Re: The Brain
- From: curt@xxxxxxxx (Curt Welch)
- Date: 23 Mar 2008 22:28:41 GMT
casey <jgkjcasey@xxxxxxxxxxxx> wrote:
On Mar 17, 11:24=A0am, c...@xxxxxxxx (Curt Welch) wrote:
selected responses,
If you use a teacher that knows the correct answer -
aka the correct behavior to produce, then the learning
system can't learn anything other than what the teacher
already knows. It's limited in it's ability to become
only as smart as the teacher is. It has no creativity.
If you can build a machine that can only become as
smart as the teacher you have done well !
That's true. If we could make a machine learn to be as smart as a human
teacher, we would have done something no one has done yet. However,
without the ability to solve things on its own without being taught by
others, I think the machine will be seen to be as stupid as a mirror.

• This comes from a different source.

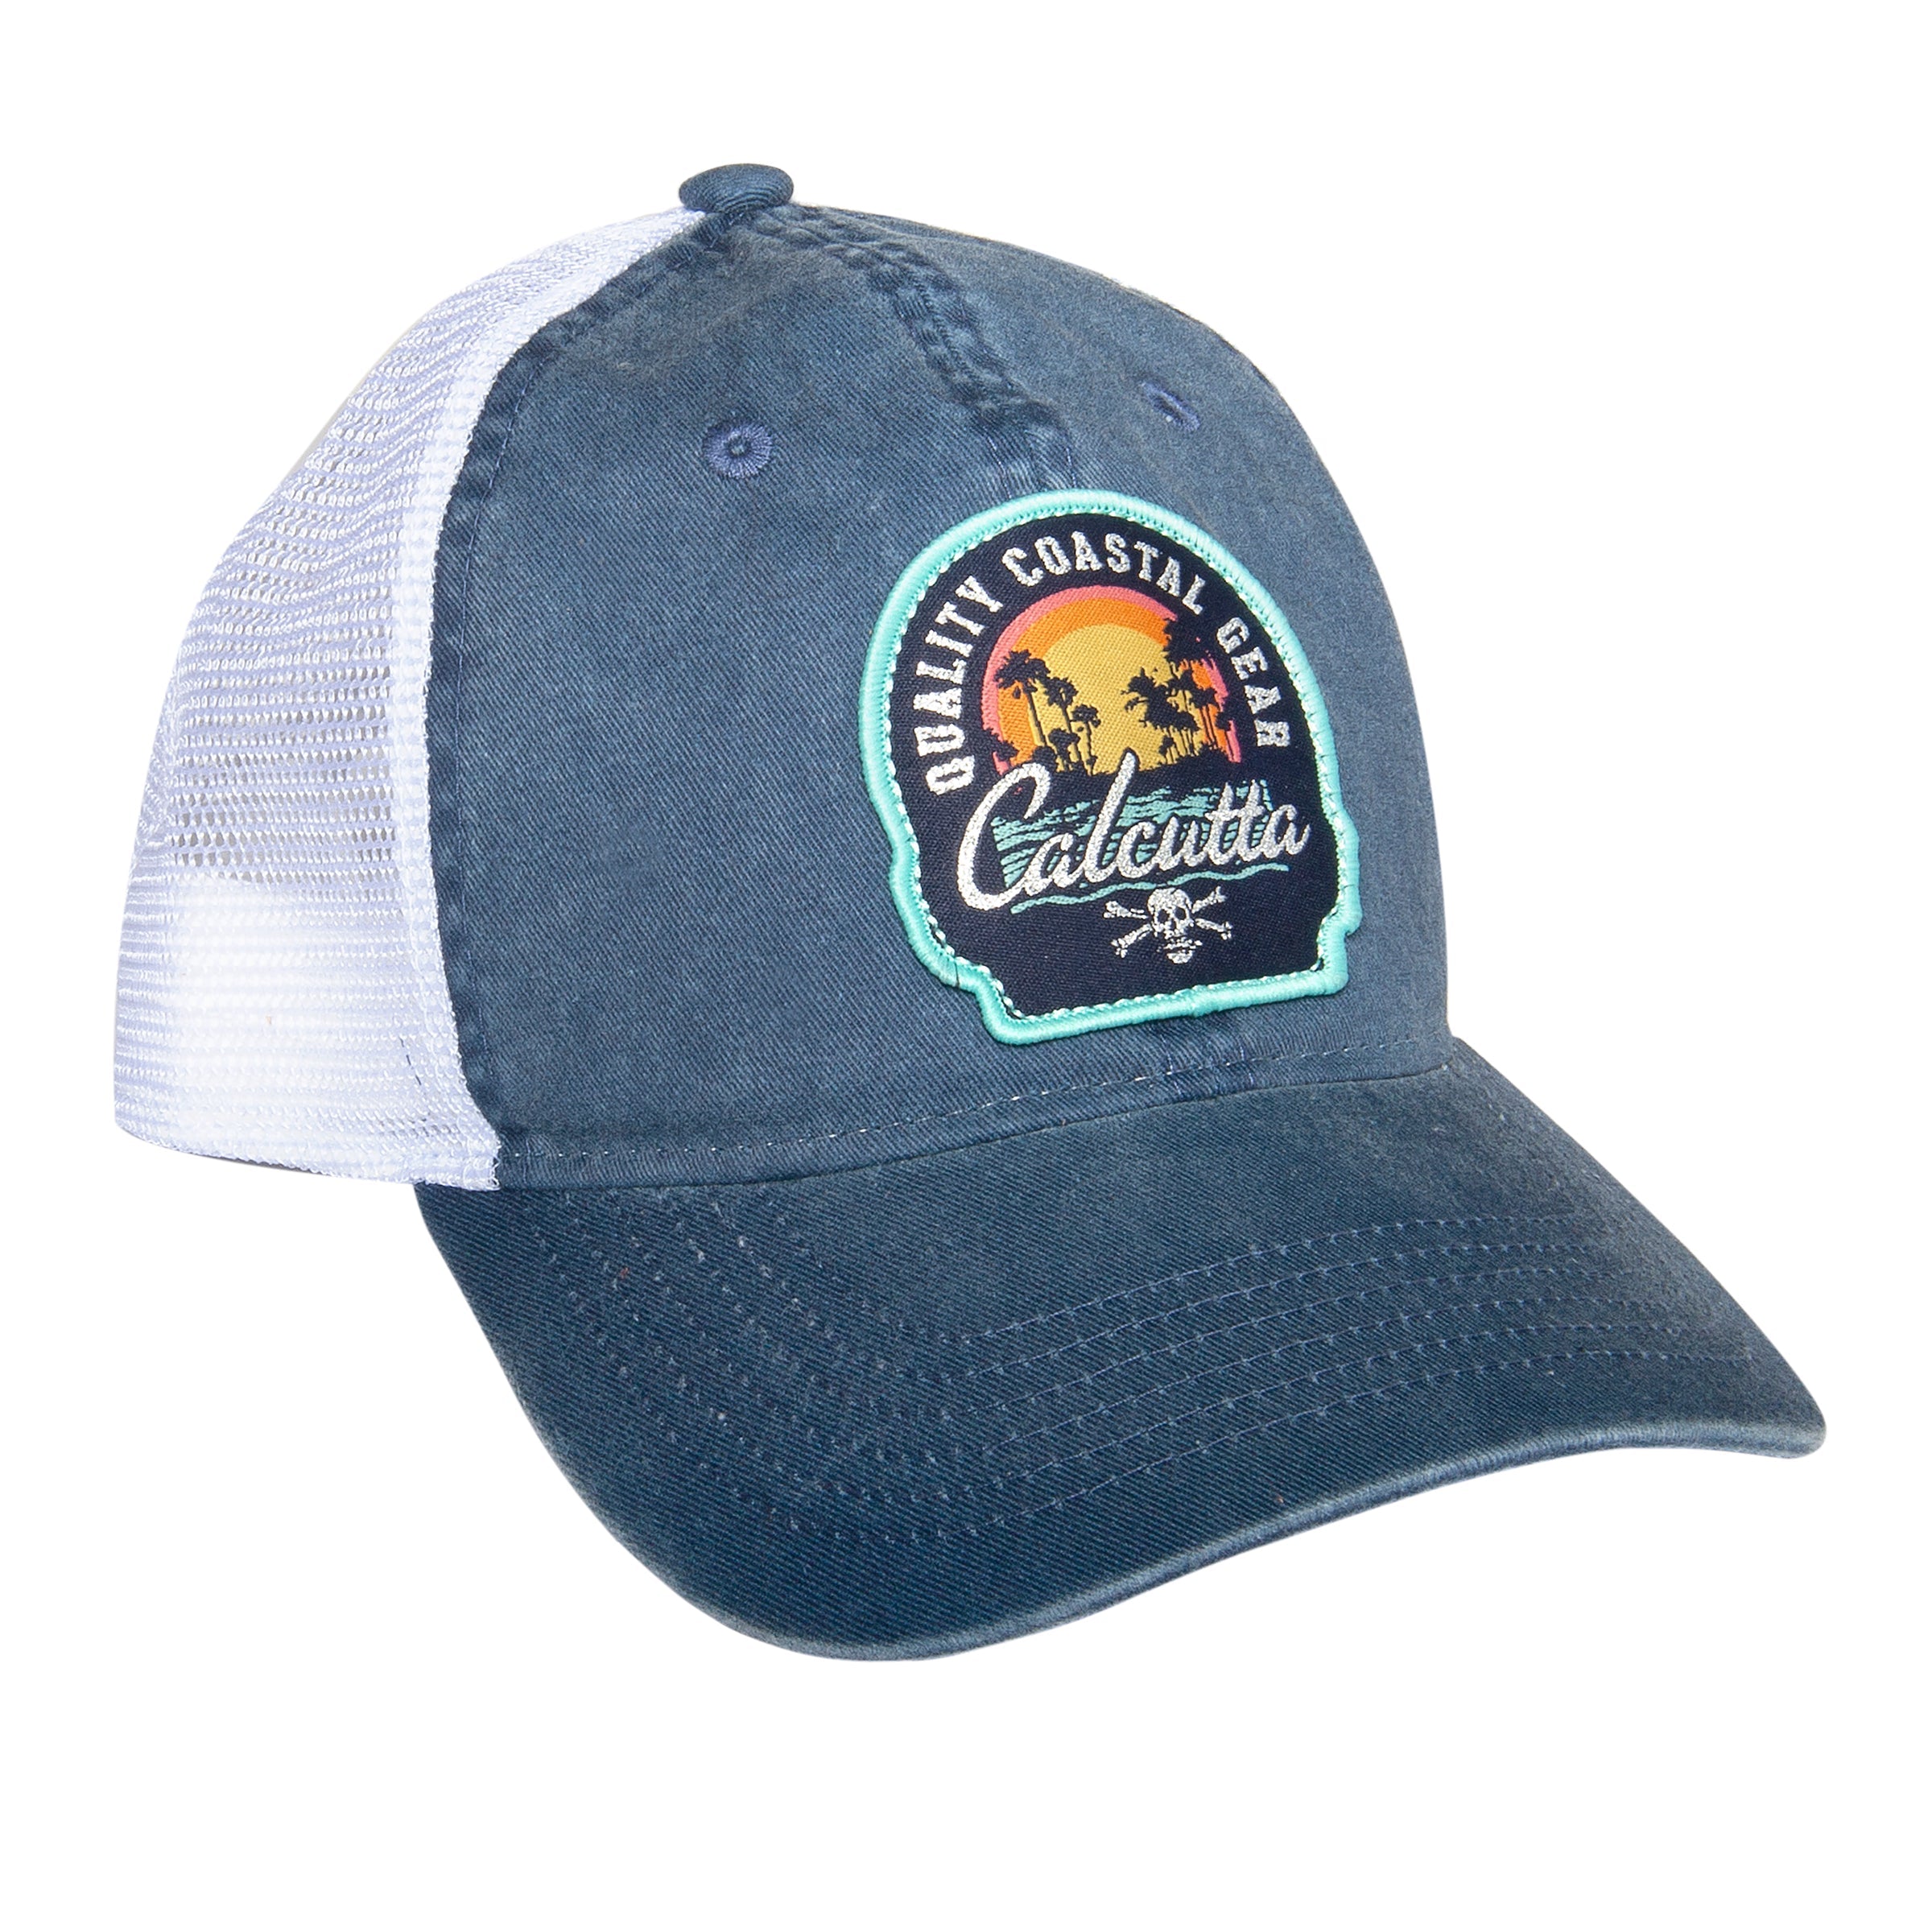 Calcutta Quality Coastal Gear Hat

Most people are not all that creative, indeed without
the social environment giving us supervisory learning
and our so called mirror neurons we would most likely
all be morons.
Well, I don't think that's true at all. Though we single out a few
individuals in society for their extra special levels of creativity, I
think it's very wrong to believe most people aren't creative. In fact, I
think we are all highly creative. I think everything we learn to do is
ultimately an act of individual creativity even if we did get hints and
guidance from watching someone else.
When we learn to tie our shoes, no one is showing us how to move our
fingers and hands to get the job done. We figure out all the specific
motions for ourselves. We are only using a very high level mimic behavior
where we attempt to watch what our hands are doing and mimic what we saw
someone else do. In the end, we each tend to end up with our own specific
behaviors for how we get the job done.
When we learn to walk, it's no because someone else taught us (for the most
part). When we learn to ride a bike, it's not because someone else told us
how to move the handle bars and pedals to keep from falling over - it's
because we figured it out by trial and error on our own. It is just
another example of the innate creativity humans have.
If you build a machine that attempts to learn to ride a bike by copying the
behavior it sees someone else do, but has no innate "learn by results"
ability, the odds of it being able to learn to ride is near zero. I doubt
it's even possible pick up enough information about the subtle timing and
reactions required to ride a bike just by watching someone else do it.
Humans use their innate creativity to learn all these things.
It just so happens that when we create something new which everyone else
has already created before us (like walking), we don't call it "creative".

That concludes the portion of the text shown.